Soslow R A, Remotti H, Baergen R N, Altorki N K
Department of Pathology, New York Presbyterian Hospital-Weill Medical College of Cornell University, New York City 10021, USA.
Mod Pathol. 1999 Mar;12(3):239-50.
Esophageal adenocarcinoma often arises in association with metaplastic and dysplastic mucosa in Barrett's esophagus. Derangements in cell cycle control and apoptosis regulation might be responsible for the progression from metaplasia to dysplasia and adenocarcinoma We tested this hypothesis by performing cell cycle analysis, in situ detection of apoptosis, and evaluation for the immunohistochemical expression of proteins involved in proliferation (Ki-67), the control of apoptosis (bcl-2, bcl-x and bax), and cell cycle regulation (retinoblastoma and cyclin D1). We studied 17 randomly selected paraffin-embedded esophagectomy specimens that contained intestinal metaplasia without dysplasia, low-grade dysplasia, high-grade dysplasia, and esophageal adenocarcinoma Compared with gastric controls and intestinal metaplasia without dysplasia, high-grade dysplasia and esophageal adenocarcinoma demonstrated greater numbers of cells in S phase and G2 phase. Comparison of the proliferation index and the apoptotic rate in intestinal metaplasia without dysplasia, low-grade dysplasia, high-grade dysplasia, and esophageal adenocarcinoma showed a statistically significant trend that linked an increasing proliferation index and apoptotic rate with increasing histologic severity (P = .006 and P = .0002, respectively). A statistically significant linear association was found between bcl-x expression, bax expression, and the bcl-2-to-bax expression ratio versus increasing histologic severity (P = .0004, P = .007, and P = .03, respectively). These data support the hypothesis that neoplastic transformation of intestinal metaplastic epithelium in the esophagus might result from sequential changes in the expression of proteins involved in the control of apoptosis and the cell cycle. Furthermore, suppression of apoptosis does not seem to foster neoplastic growth in Barrett's esophagus. These observations will lead to a better understanding of the pathogenesis of esophageal adenocarcinoma and might contribute to enhancing the diagnostic accuracy when presented with dysplastic lesions.

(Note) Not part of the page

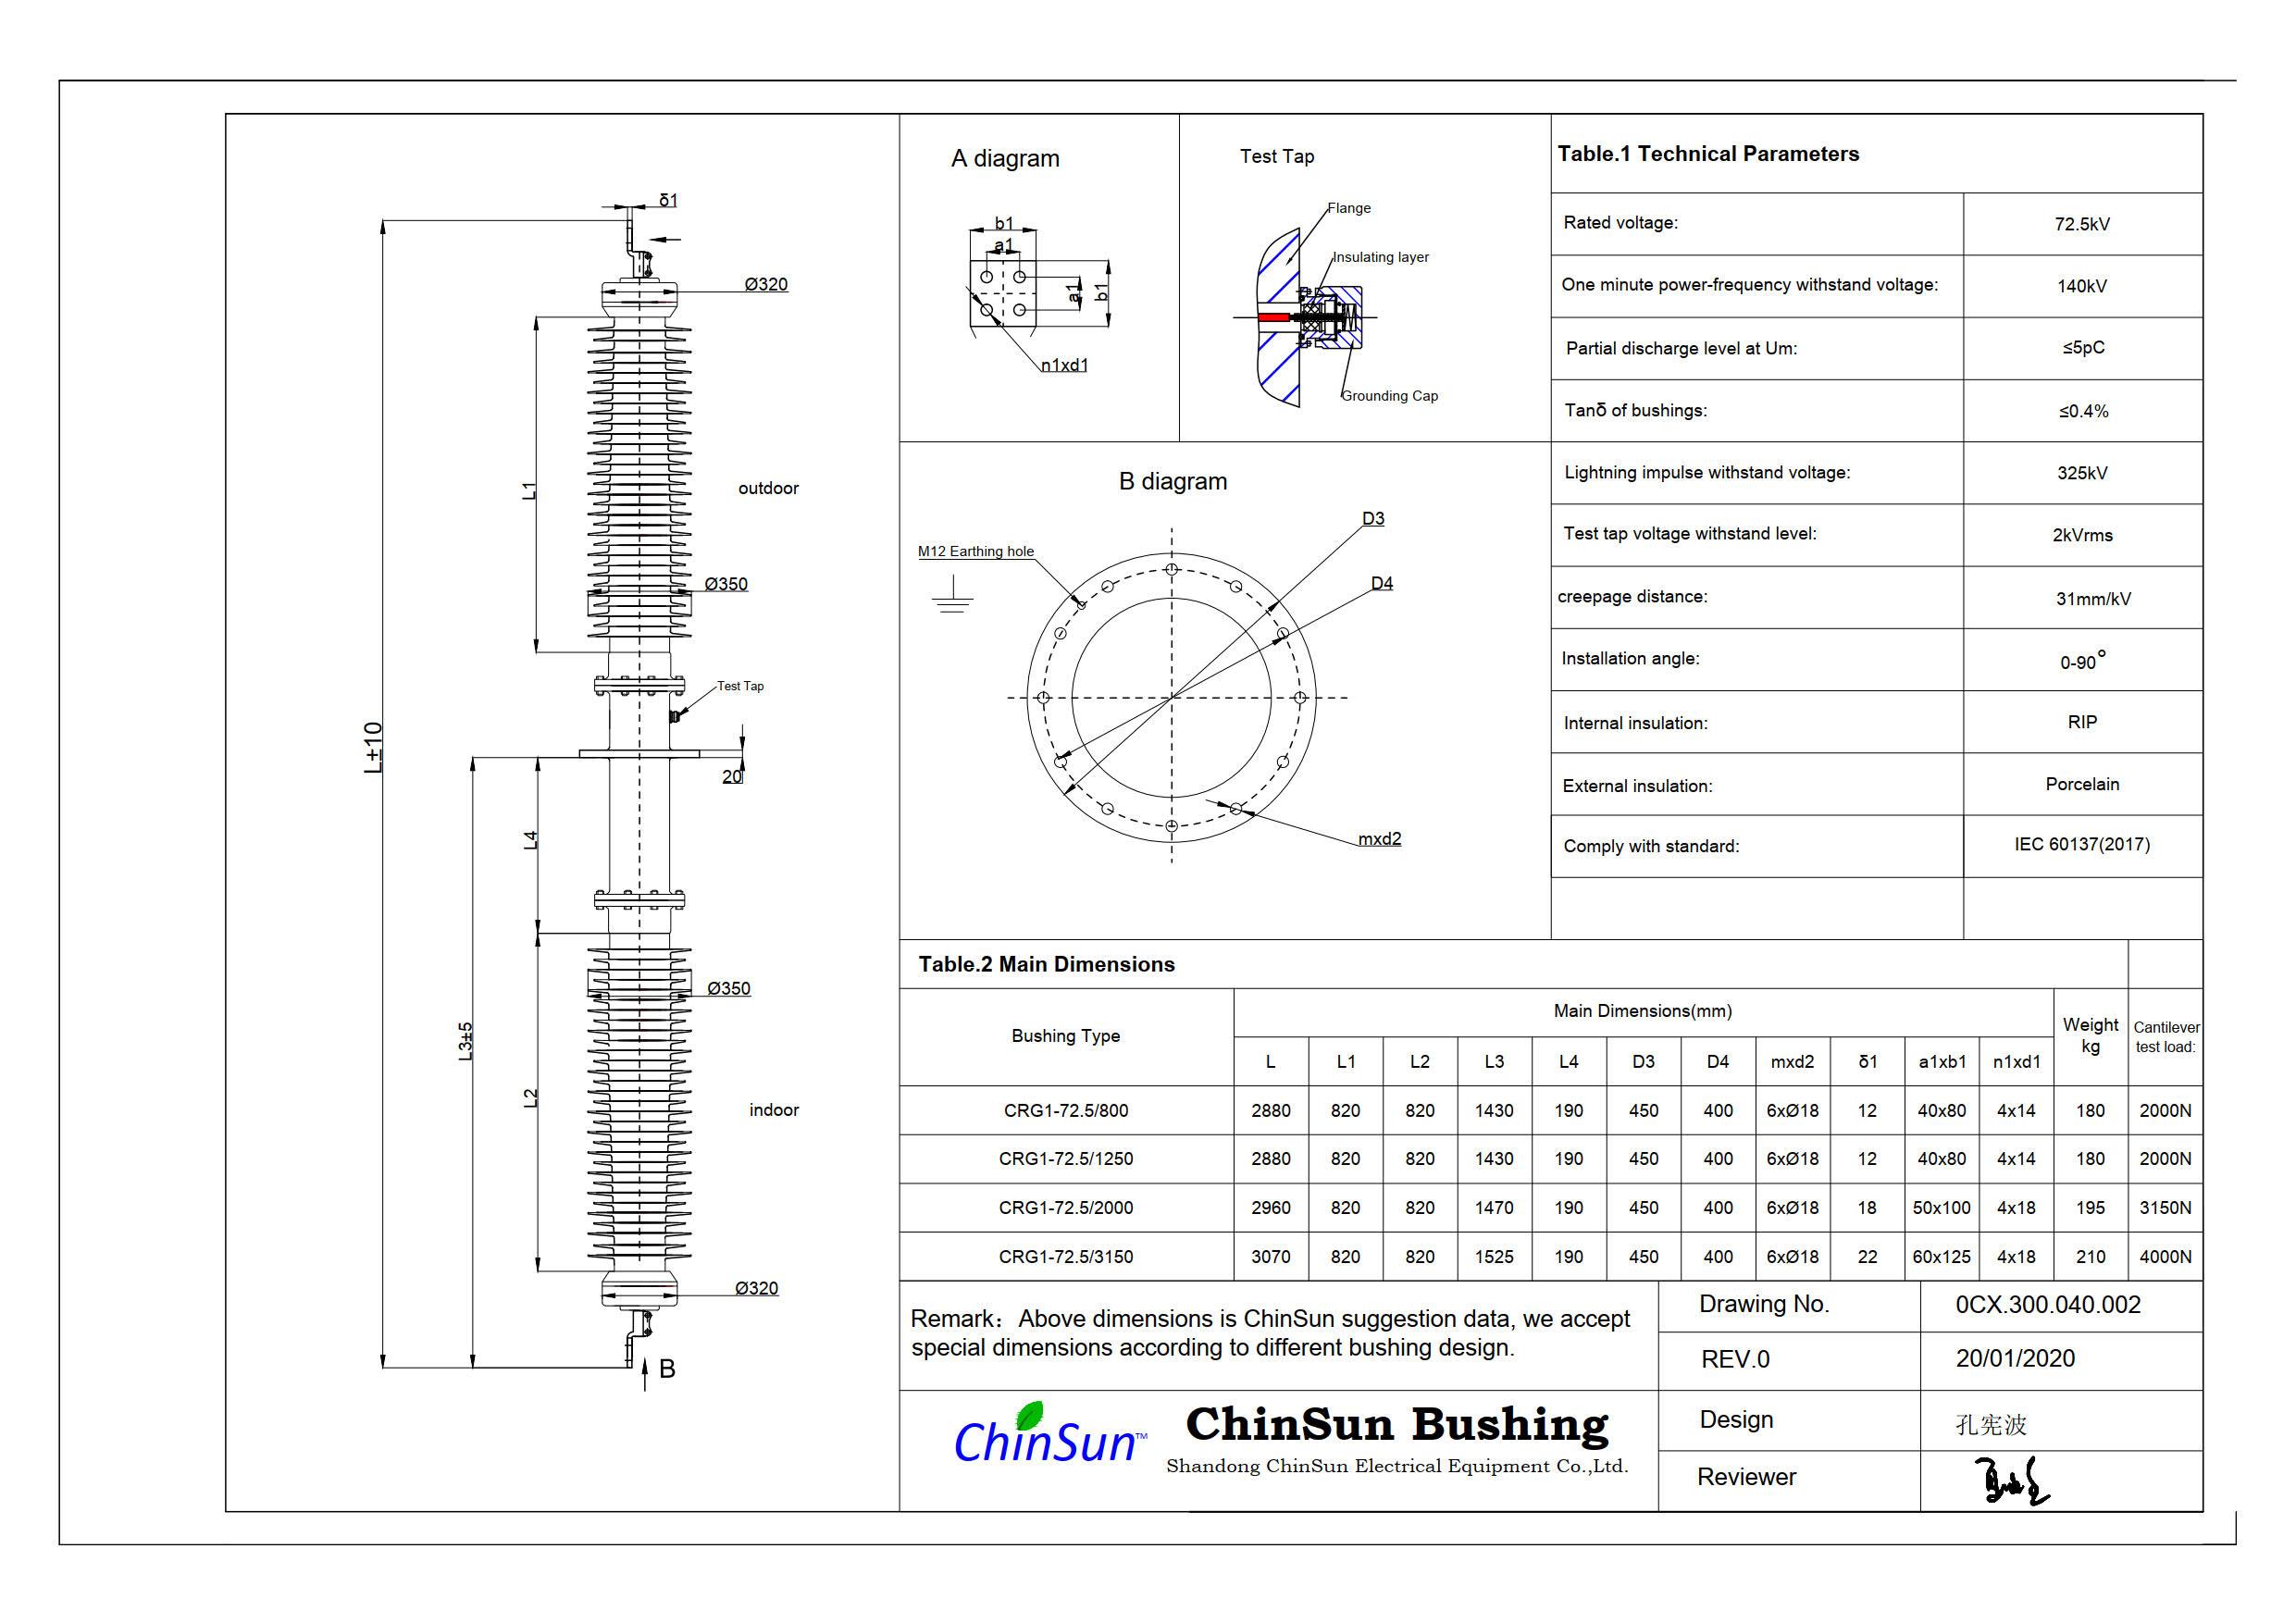 Drawing-wall bushing-72.5kV porcelain-ChinSun
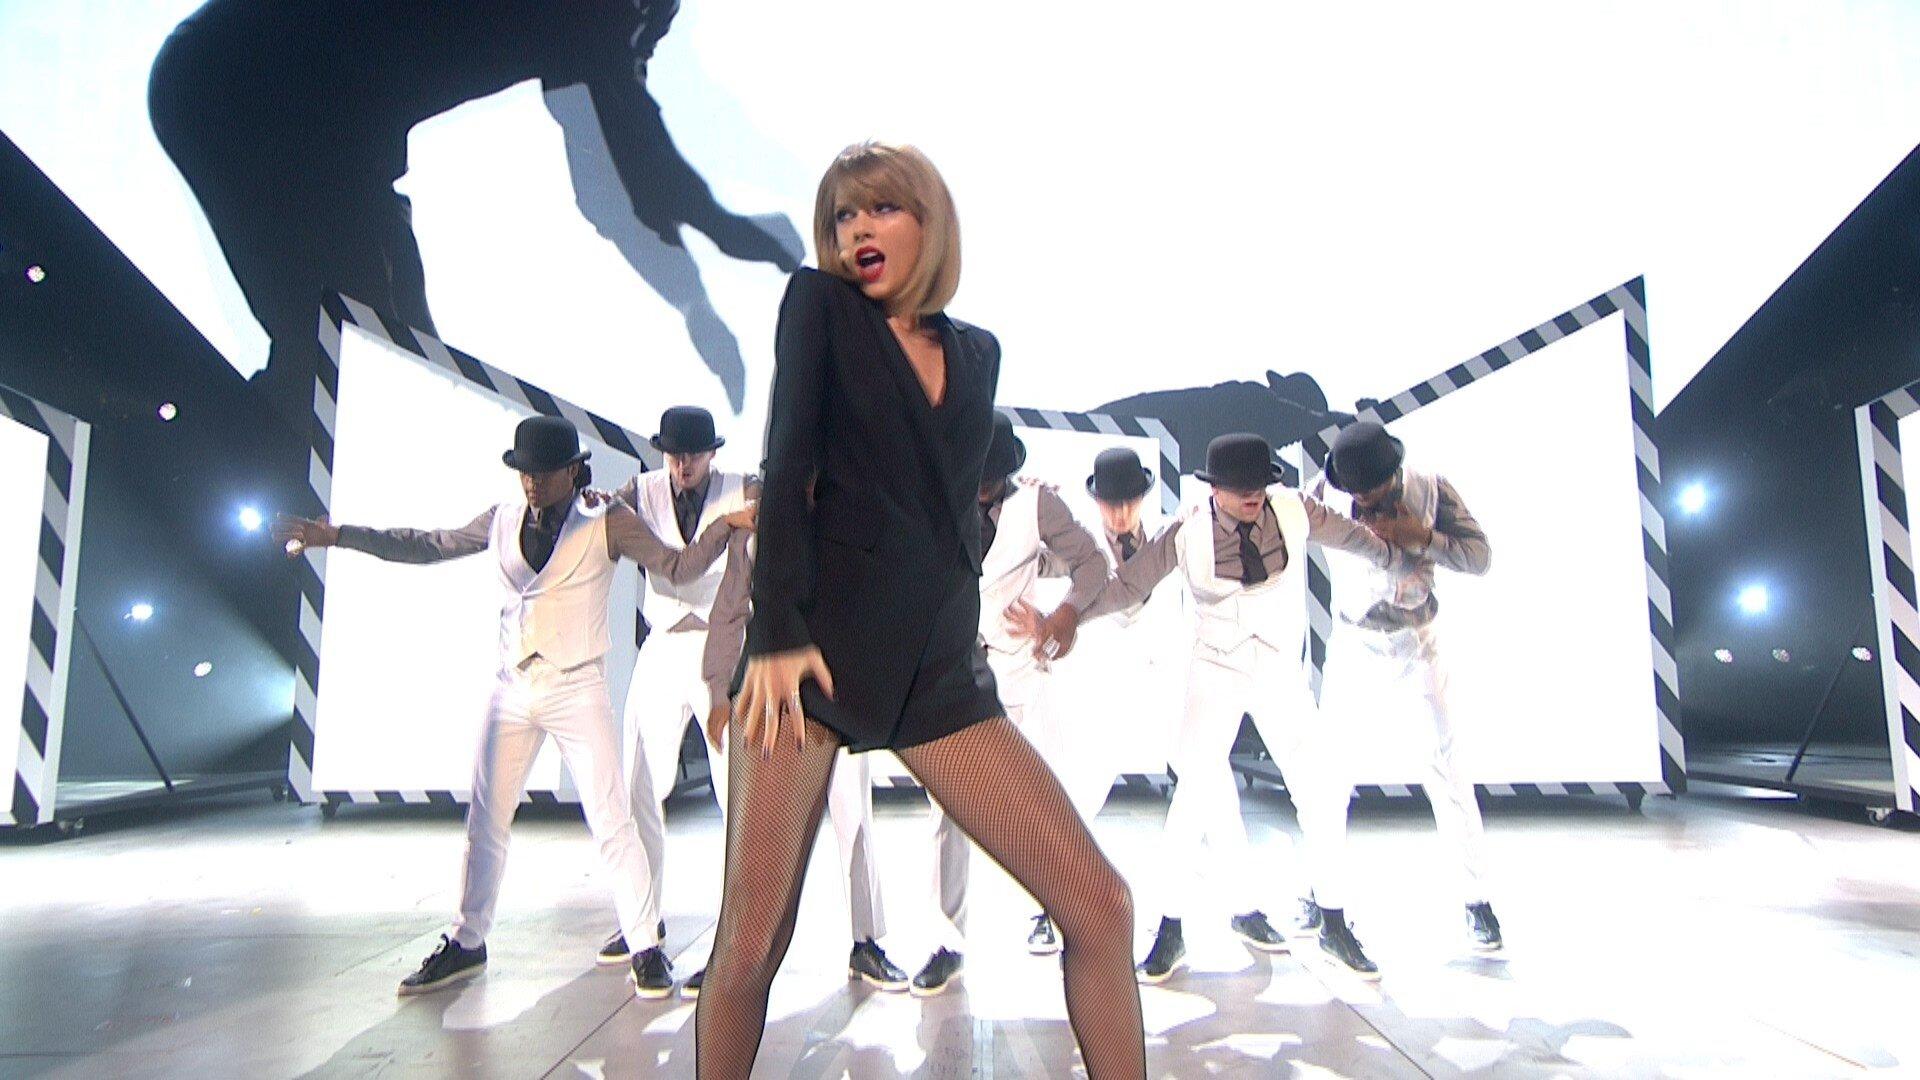 Taylor Swift - Blank Space - BRIT Awards 2015 1080i HDTV 45 Mbps MPA2.0 4-2-2 H..jpg

食管腺癌常与巴雷特食管的化生和发育异常黏膜相关。细胞周期调控和凋亡调节的紊乱可能是化生发展为发育异常和腺癌的原因。我们通过进行细胞周期分析、凋亡的原位检测以及评估参与增殖(Ki-67)、凋亡控制(bcl-2、bcl-x和bax)和细胞周期调控(视网膜母细胞瘤和细胞周期蛋白D1)的蛋白质的免疫组化表达来验证这一假设。我们研究了17个随机选择的石蜡包埋食管切除标本,这些标本包含无发育异常的肠化生、低级别发育异常、高级别发育异常和食管腺癌。与胃对照和无发育异常的肠化生相比,高级别发育异常和食管腺癌在S期和G2期的细胞数量更多。比较无发育异常的肠化生、低级别发育异常、高级别发育异常和食管腺癌的增殖指数和凋亡率,发现随着组织学严重程度增加,增殖指数和凋亡率增加,具有统计学显著趋势(分别为P = 0.006和P = 0.0002)。发现bcl-x表达、bax表达以及bcl-2与bax表达比值与组织学严重程度增加之间存在统计学显著的线性关联(分别为P = 0.0004、P = 0.007和P = 0.03)。这些数据支持以下假设,即食管肠化生上皮的肿瘤转化可能是由于参与凋亡控制和细胞周期的蛋白质表达的顺序变化所致。此外,凋亡抑制似乎并未促进巴雷特食管中的肿瘤生长。这些观察结果将有助于更好地理解食管腺癌的发病机制,并可能有助于提高对发育异常病变诊断的准确性。